** Entries supplied follows **

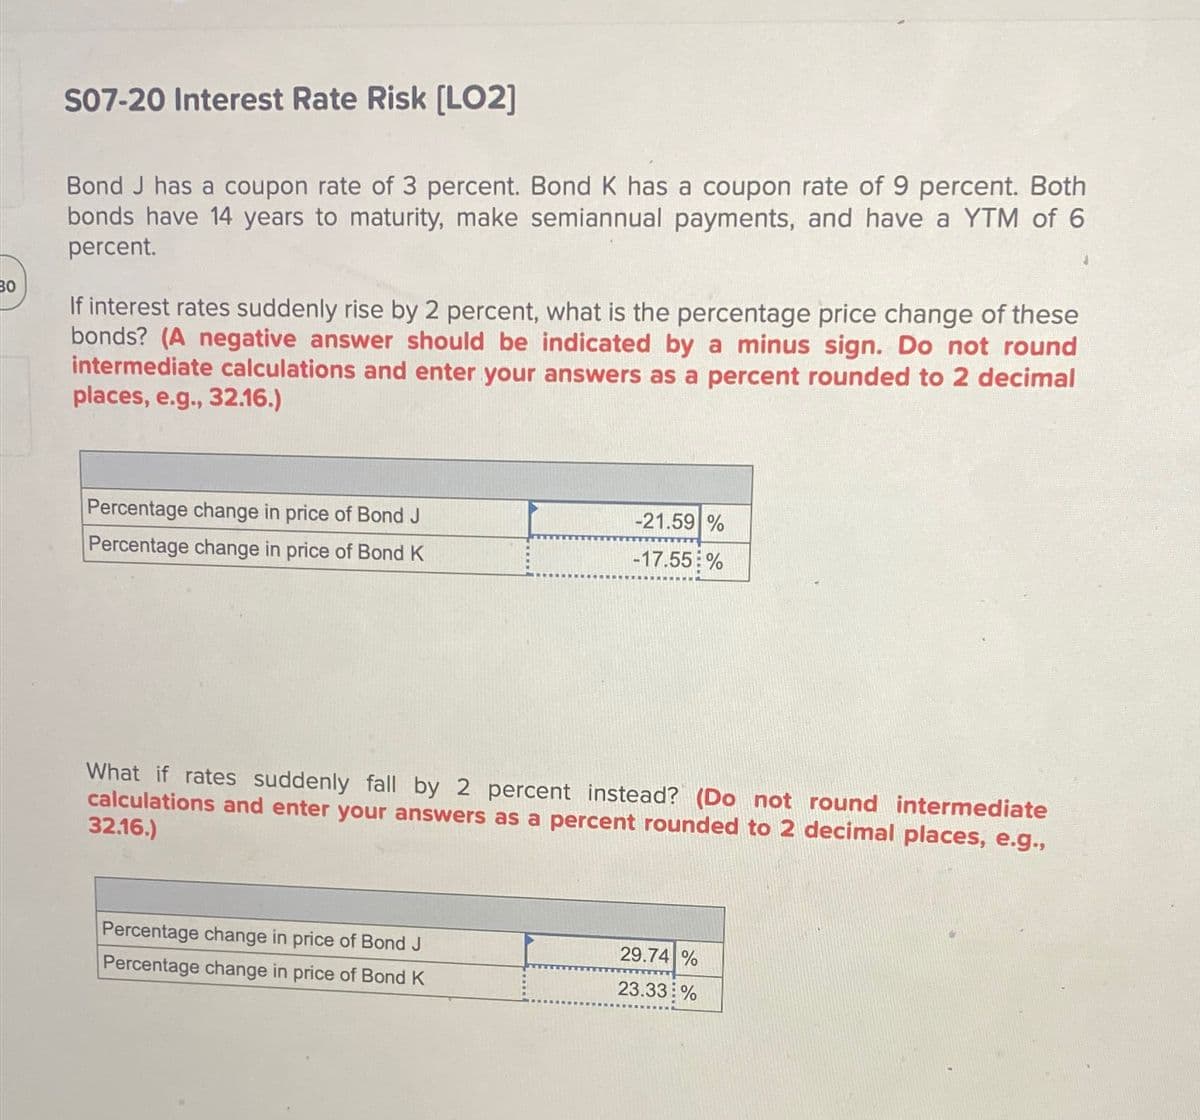 30
S07-20 Interest Rate Risk [LO2]
Bond J has a coupon rate of 3 percent. Bond K has a coupon rate of 9 percent. Both
bonds have 14 years to maturity, make semiannual payments, and have a YTM of 6
percent.
If interest rates suddenly rise by 2 percent, what is the percentage price change of these
bonds? (A negative answer should be indicated by a minus sign. Do not round
intermediate calculations and enter your answers as a percent rounded to 2 decimal
places, e.g., 32.16.)
Percentage change in price of Bond J
Percentage change in price of Bond K
-21.59%
-17.55%
What if rates suddenly fall by 2 percent instead? (Do not round intermediate
calculations and enter your answers as a percent rounded to 2 decimal places, e.g.,
32.16.)
Percentage change in price of Bond J
Percentage change in price of Bond K
29.74 %
23.33%
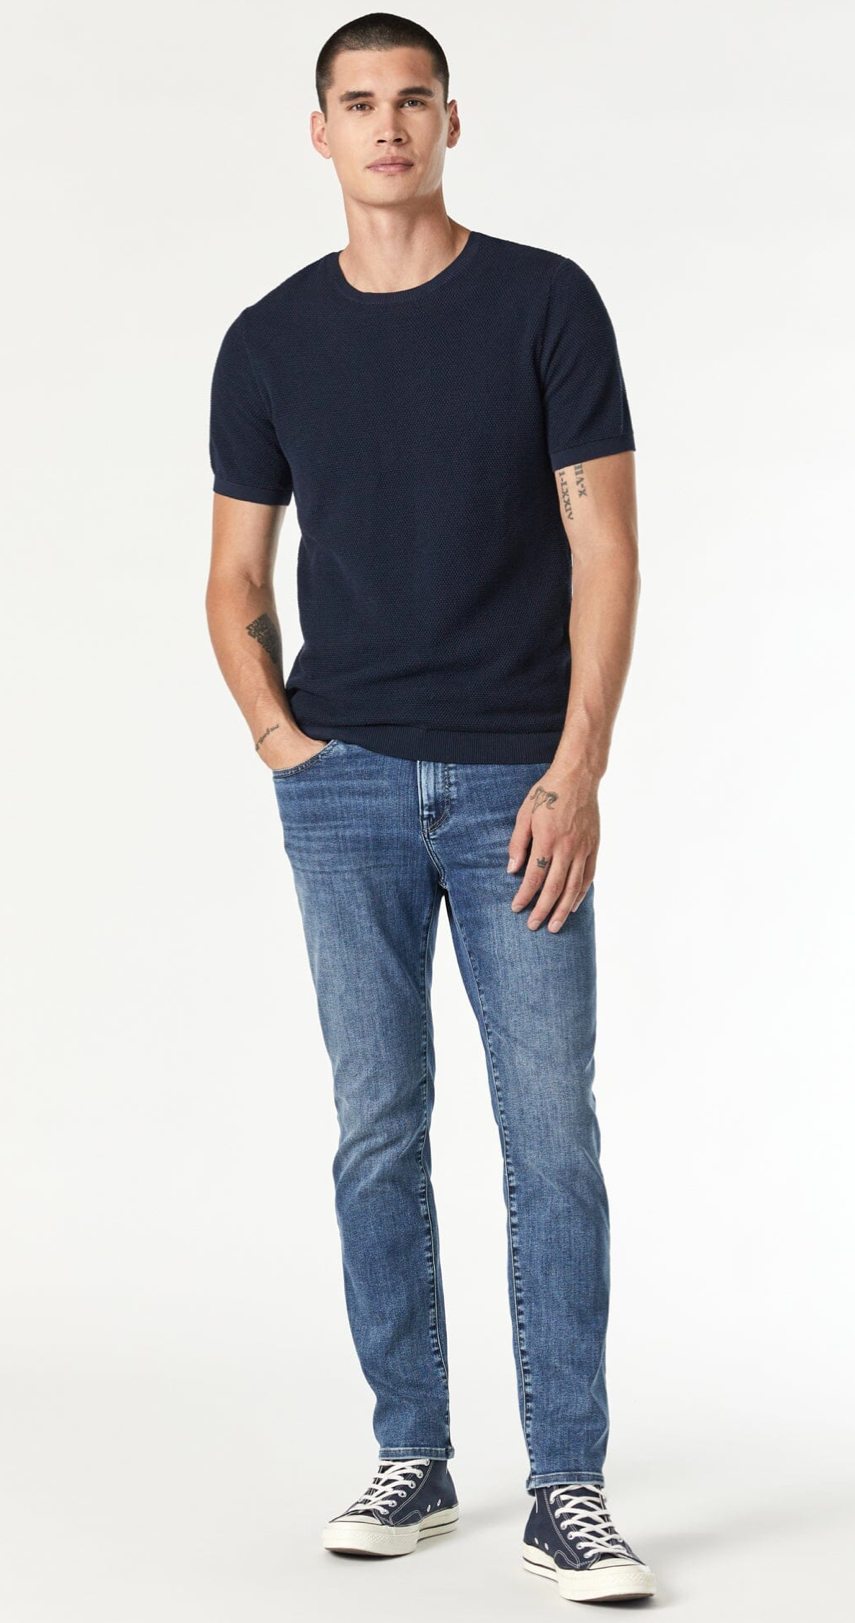 Zach straight leg jeans - deep brushed feather blue copy
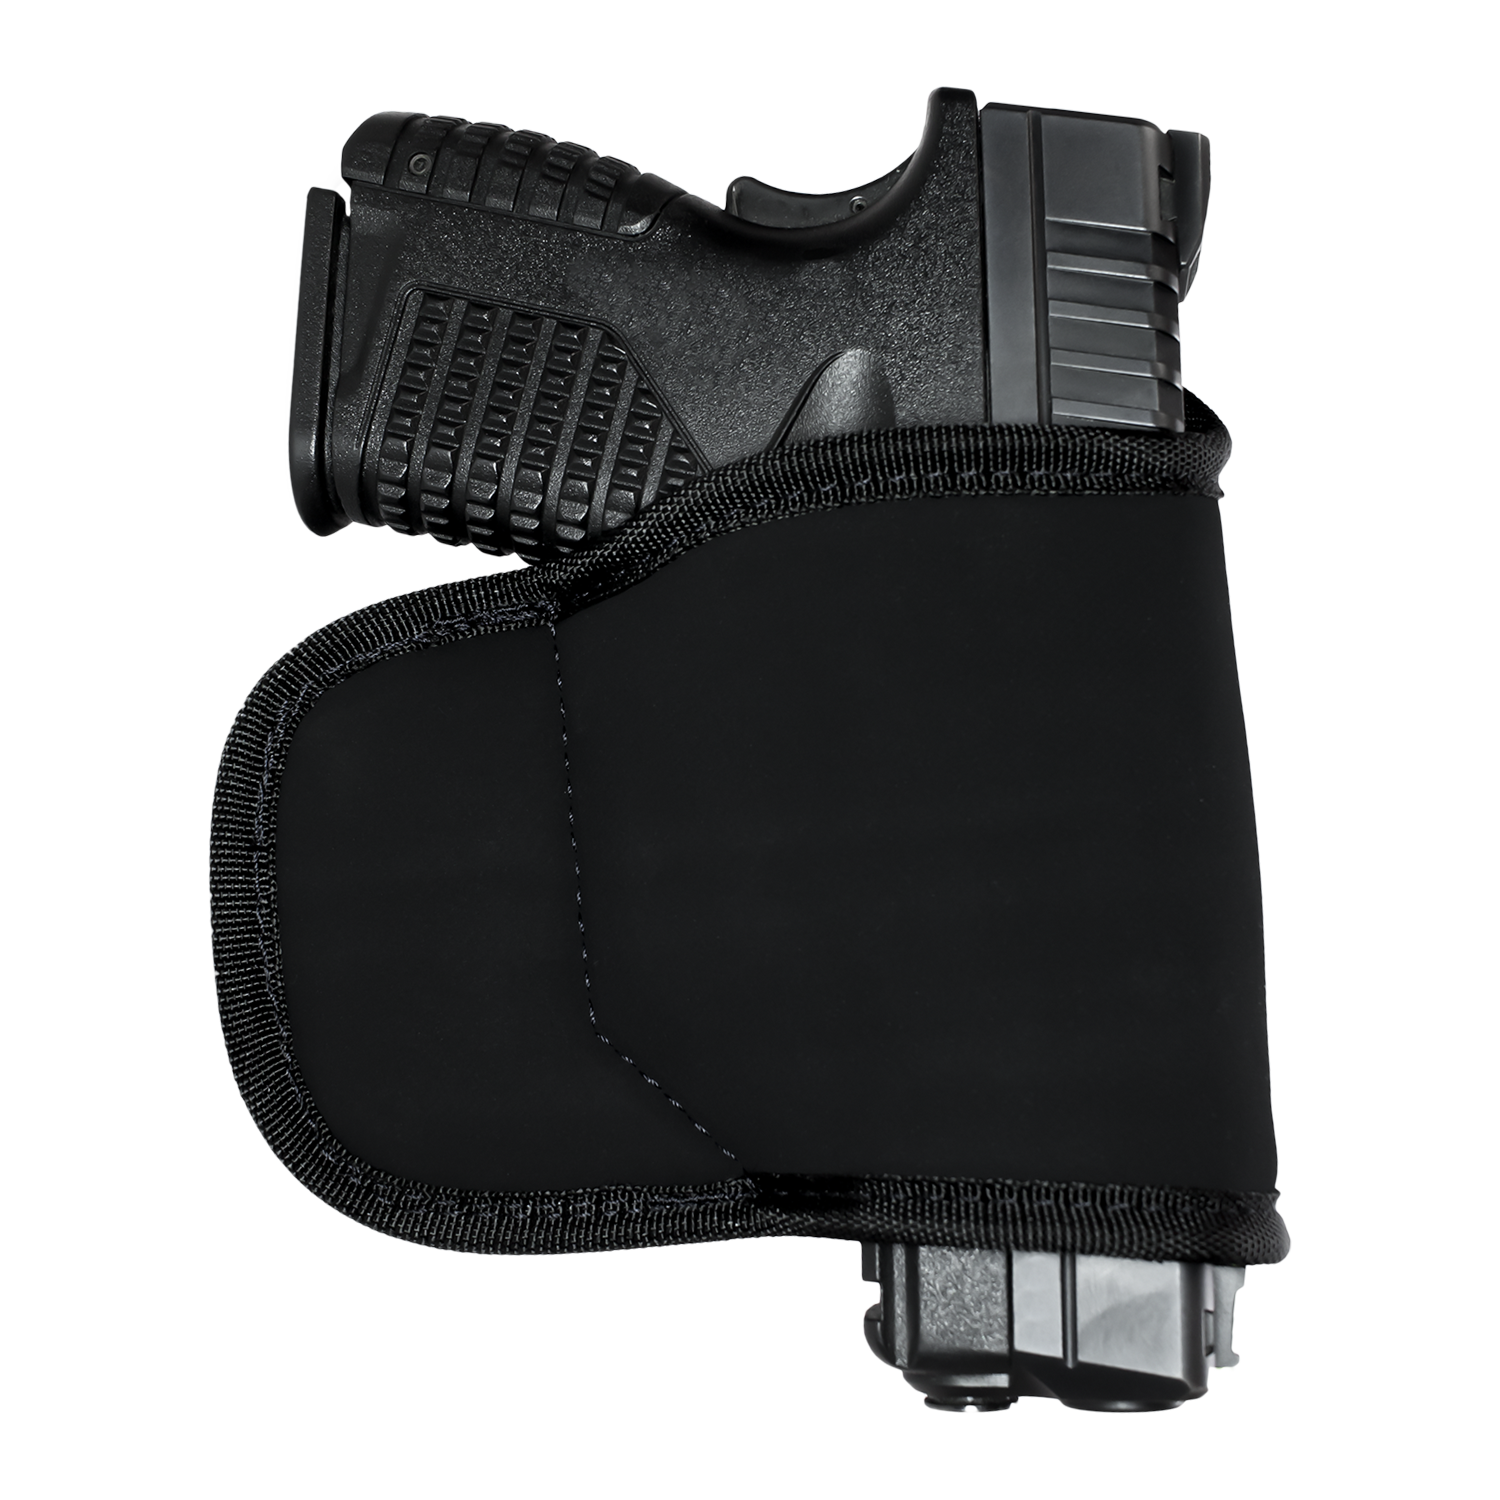 Carbon Fiber Thigh Gun Holsters for GLOCK Hunting for sale

** End of Entries supplied **

Required work: For this exercise, transcribe the entries verbatim and skip all pictures.

Exercise solution:
 30
S07-20 Interest Rate Risk [LO2]
Bond J has a coupon rate of 3 percent. Bond K has a coupon rate of 9 percent. Both
bonds have 14 years to maturity, make semiannual payments, and have a YTM of 6
percent.
If interest rates suddenly rise by 2 percent, what is the percentage price change of these
bonds? (A negative answer should be indicated by a minus sign. Do not round
intermediate calculations and enter your answers as a percent rounded to 2 decimal
places, e.g., 32.16.)
Percentage change in price of Bond J
Percentage change in price of Bond K
-21.59%
-17.55%
What if rates suddenly fall by 2 percent instead? (Do not round intermediate
calculations and enter your answers as a percent rounded to 2 decimal places, e.g.,
32.16.)
Percentage change in price of Bond J
Percentage change in price of Bond K
29.74 %
23.33%
 Zach straight leg jeans - deep brushed feather blue copy
 Carbon Fiber Thigh Gun Holsters for GLOCK Hunting for sale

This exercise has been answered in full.